Harvey se retiró a una esquina a leer, repasando las noticias y compartiendo las más extrañas con todo aquel que escuchase. Tru hurgaba en el ordenador; le había retirado la tapa y sus entrañas estaban al descubierto, listas para ser inspeccionadas.
—Este pedazo de inteligencia artificial es parte de la investigación del secuestro que tuvo lugar en Sequim, ¿verdad? —preguntó Tru, incorporando componentes de la unidad a un módulo de análisis que había construido ella misma.
—Sí —admitió Kris, haciendo una pausa para engrasar una parte del papel de horno—. Pero la policía local no parece interesada en ella. O, al menos, nadie me preguntó dónde la llevaba. Imaginé que tú tendrías más posibilidades de sacarle la información que nadie en Sequim. Y además, estuve a punto de morir en un campo de minas preparado por aquellos imbéciles, minas antipersona nuevecitas, modelo 41, que los marines no pueden permitirse, y mucho menos unos secuestradores. Quiero saber de dónde sacan toda esa tecnología. —Kris apretó los labios—. Y el dinero con el que la pagan.
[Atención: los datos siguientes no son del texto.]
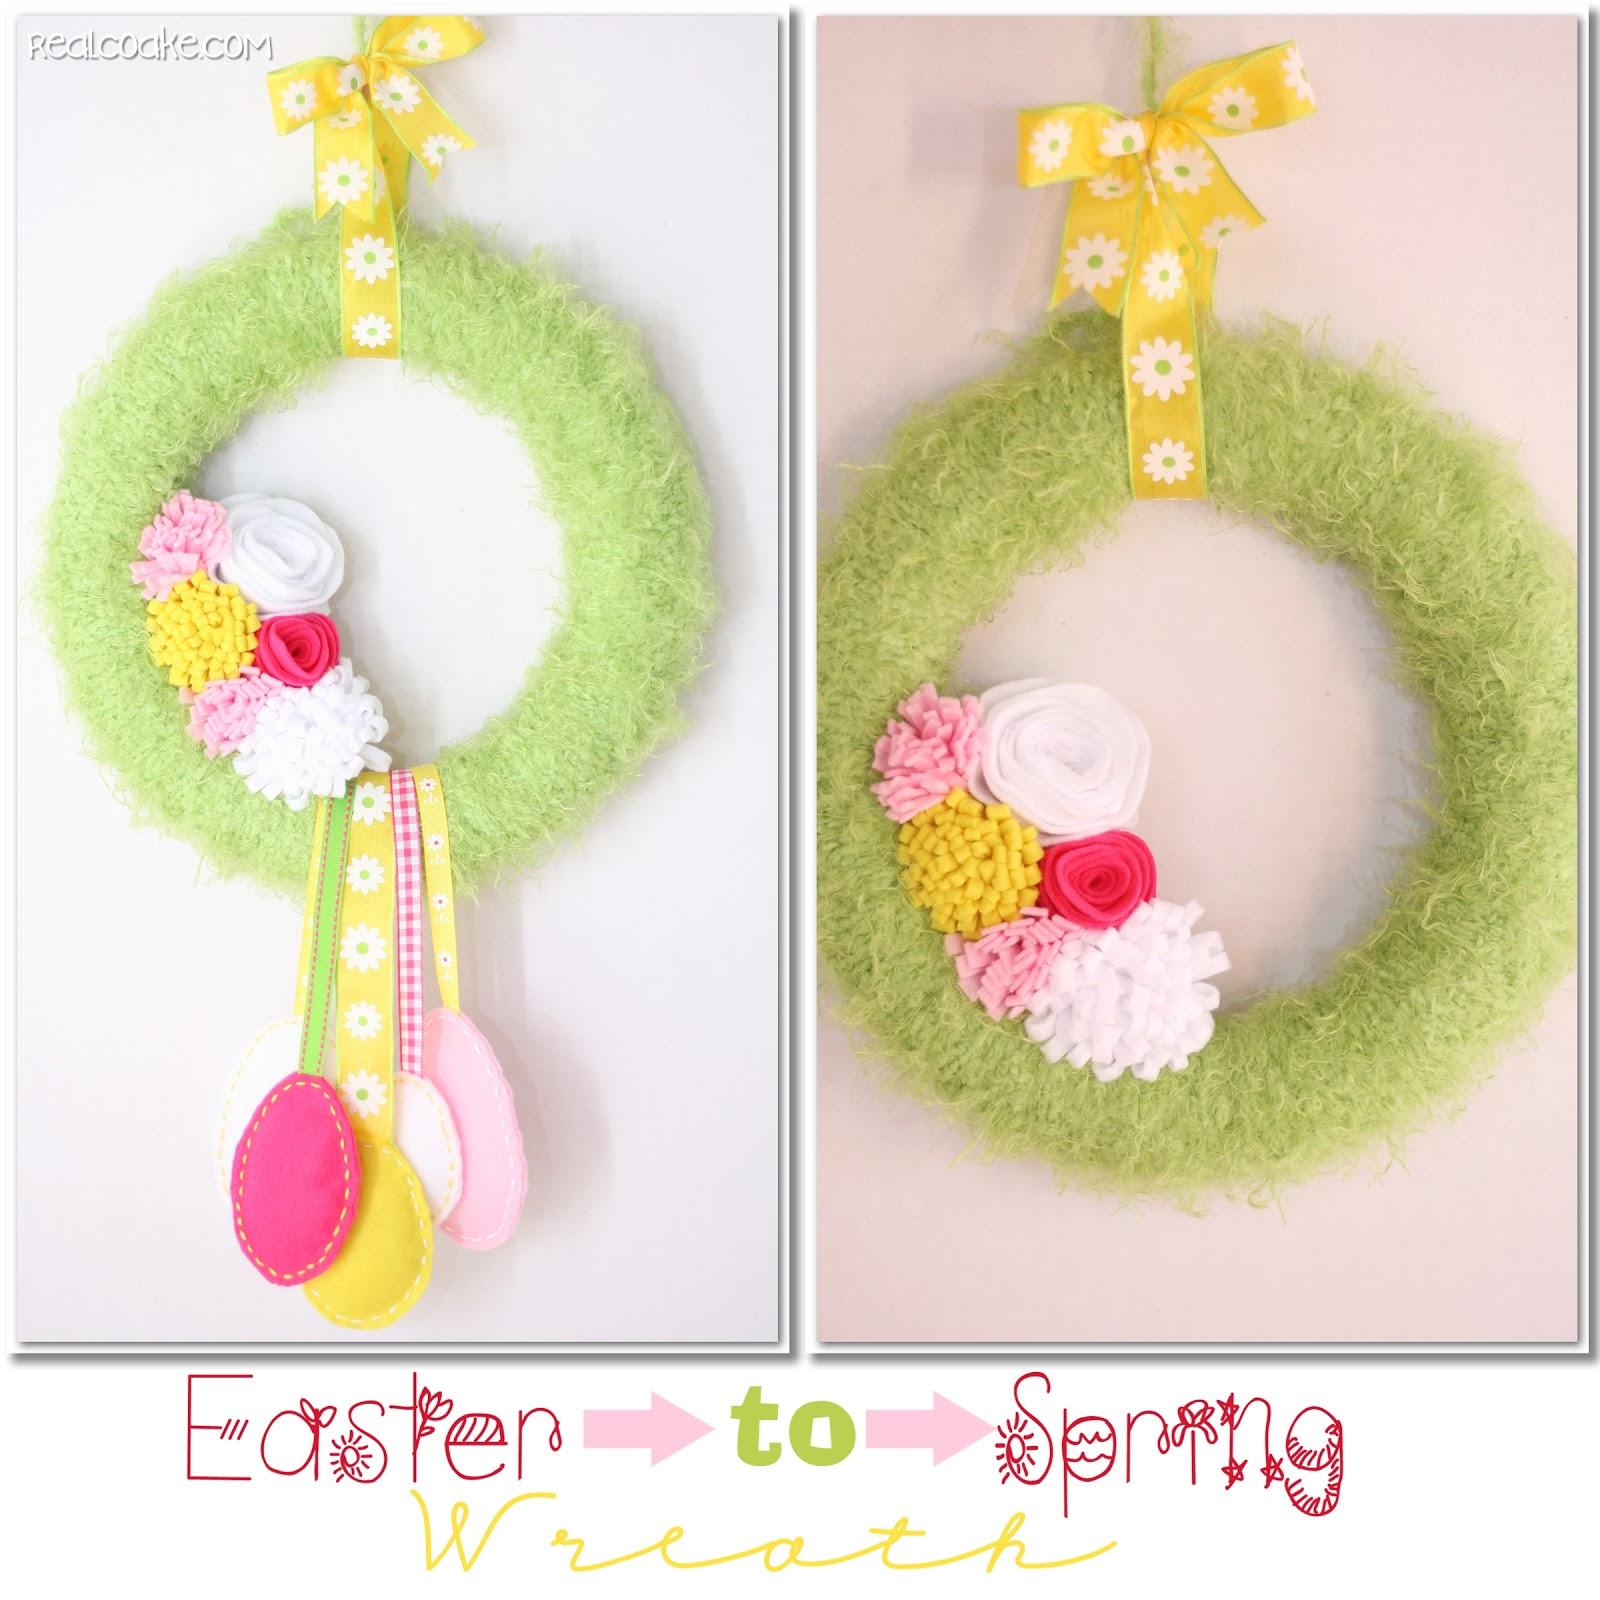 12 Fun Easter Ideas/Crafts

—¿Cómo están investigando el caso? —preguntó Tru, centrada en su tarea.
—Interrogándolos —dijo Harvey—. Los cuatro están cantando como tenores irlandeses en un bar bien abastecido, ¿no es así? —preguntó a Tom.
—Es decir, bien alto pero sin afinar —contestó el joven alférez.
—¿Cuatro? —Kris interrumpió sus labores de cocina—. Capturamos a cinco.
—Uno sufrió un ataque al corazón al día siguiente de que lo detuvieseis —dijo Harvey sin separar la mirada de su lectura.
—Umm... —murmuró Tru antes de que Kris pudiese preguntar cuál de los secuestradores estaba criando malvas—. Estoy dentro, pero parece que el paranoico de su dueño lo encriptó todo. Parece un paquete comercial estándar. Debería descubrir información interesante en unos minutos. ¿Quiénes eran esos secuestradores? —le preguntó Tru a Harvey.
—Parece que no eran más que unos delincuentes —dijo Harvey, pasando las páginas.
—¿Y de dónde proceden?
Harvey retrocedió una página.
—La Tierra, Nuevo Refugio, Columbia, Nueva Jerusalén.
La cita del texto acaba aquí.